Headers, footers, section breaks and page breaks in Html to Docx conversion

Is there clear documentation on how to properly use headers, footers and breaks in Html so they convert properly to Docx?

I have them working to some degree but sometimes I make small changes to my Html and it will stop inserting the page breaks properly or sometimes it will add page breaks where they don’t belong, often right after a header so I end up with a blank first page. I’m finding the Html to be very fragile when it comes to correctly converting to Docx even though it respects all my page breaks when actually printing or saving to PDF.

As a related issue, is it possible to build the Html in a way that it will use different headers or footers in different sections of the resulting document? Our site allows someone to download a single document or download sets of documents. If they download sets then it builds a page that has all the content on it and converts the entire thing to one Docx file. It would be nice if I could change the header to match the sub-document. I’ve tried using elements in the html, hoping that might result in a different section in the Docx but that doesn’t seem to work.

I know that ultimately it would be better for me to build these directly in code as Docx from scratch but I’m working with what I have. Converting the old Cloud Convert method to Gembox was faster than rebuilding everything to create the doc directly using the Gembox object model.

Hi Steve!

Regarding the conversion of page-related properties from HTML to DOCX, I recommend that you take a look at the following example: Convert HTML pages to PDF files from C# / VB.NET applications.

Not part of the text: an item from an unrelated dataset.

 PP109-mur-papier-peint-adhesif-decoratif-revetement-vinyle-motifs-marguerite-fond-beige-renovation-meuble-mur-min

GemBox.Document currently doesn’t support loading multiple headers/footers from HTML. Currently, only the following HTML is supported:
If <header> is the first element in the HTML file, then its content will be read as a document’s default header; if <footer> is the last element in the HTML file, then its content will be read as a document’s default footer.

If you want to build HTML with multiple sections with different headers/footers, then I recommend that you simply load each HTML section with its own header/footer into another DocumentModel instance and then clone Section(s) of that DocumentModel instance into a final DocumentModel instance that you save to DOCX or any other file format.

Regards,
Stipo

Thank you, that’s what I suspected. I had seen that document and I have successfully created headers and footers. I was guessing based on that document that there is no way to create more than one using just HTML. Thank you for the suggested workaround to get multiple sections, I will explore that idea a bit.

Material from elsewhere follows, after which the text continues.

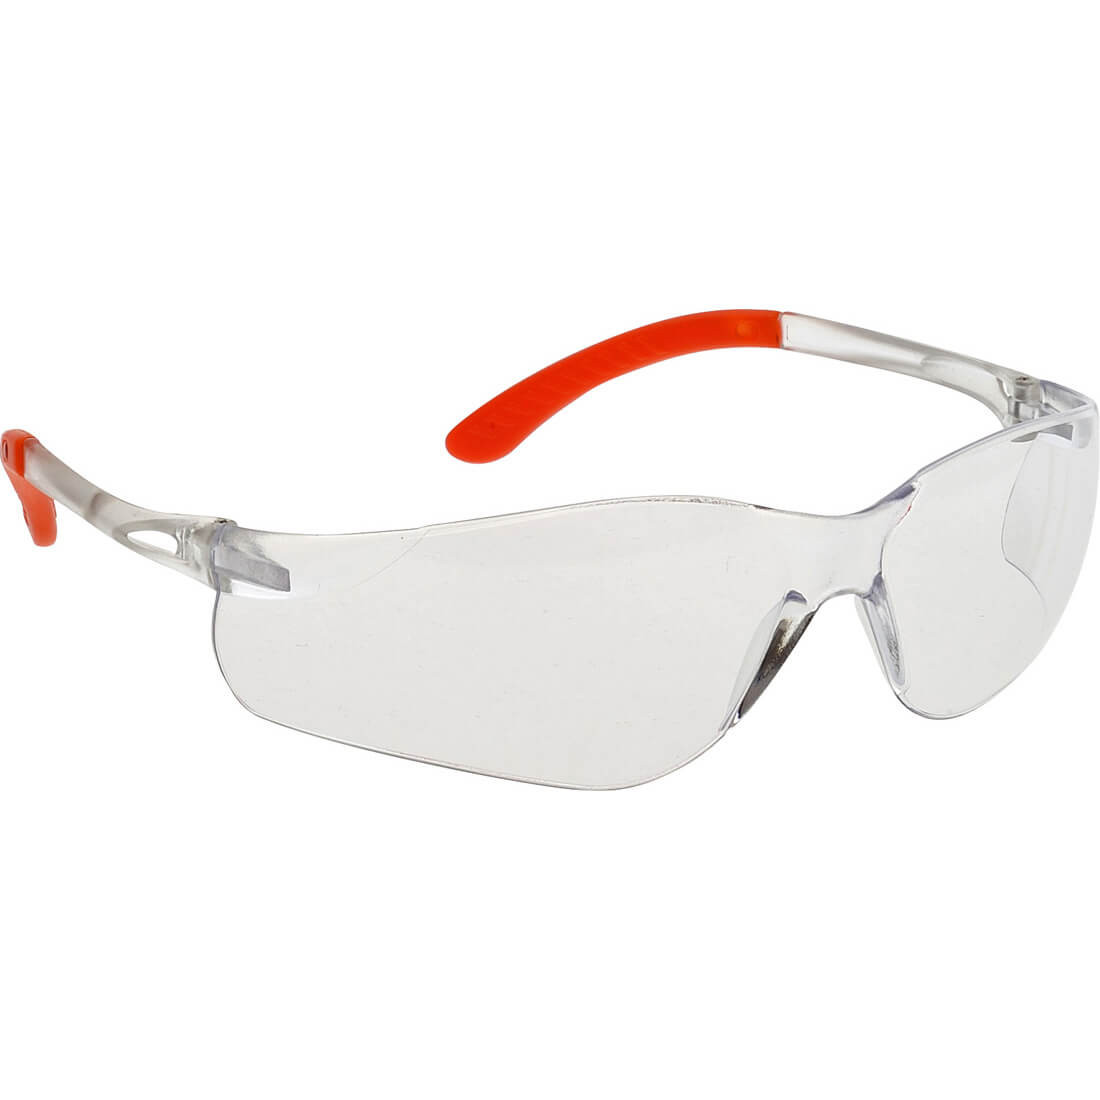 Gafas Pan View - Equipamientos de protección personal

That page says “It uses a subset of CSS properties and some additional arbitrary properties from Microsoft Word (like mso-pagination and mso-rotate ).” Is there a list anywhere of the mso- properties that it supports or is it just those two? It would be interesting to know what else I could use to help with the Docx conversion.

Is there a better way to force page breaks? I’ve found them to be somewhat inconsistent. I can add css to force page breaks after certain elements and very frequently that css will be ignored. I’m pretty sure it doesn’t support css pseudo classes. I’ve had the best luck with having a

that I insert where I want page breaks with css that sets that class to always have a page break. I still sometimes get page breaks at odd locations where the break makes no sense - it will leave me with a mostly empty page and the next page with only a little content on it. If I print a physical page or use the browser’s print/save to PDF I don’t get those random page breaks.

I know conversion to Docx is complex so I don’t expect it to be perfect, I’m just hoping for a bit more documentation about how to craft my Html to make it work better.

Hi,

No, we do not document our support for proprietary HTML/CSS extensions. By looking at our source code, I see that we currently support: mso-rotate, mso-pagination, mso-field-code, mso-header-margin, mso-footer-margin, and mso-outline-level

Page breaks should be easily achievable with page-break-before: always as shown in the example Convert HTML pages to PDF files from C# / VB.NET applications

If you are having a problem with this approach, I recommend that you create a support ticket with a problematic HTML and we will investigate.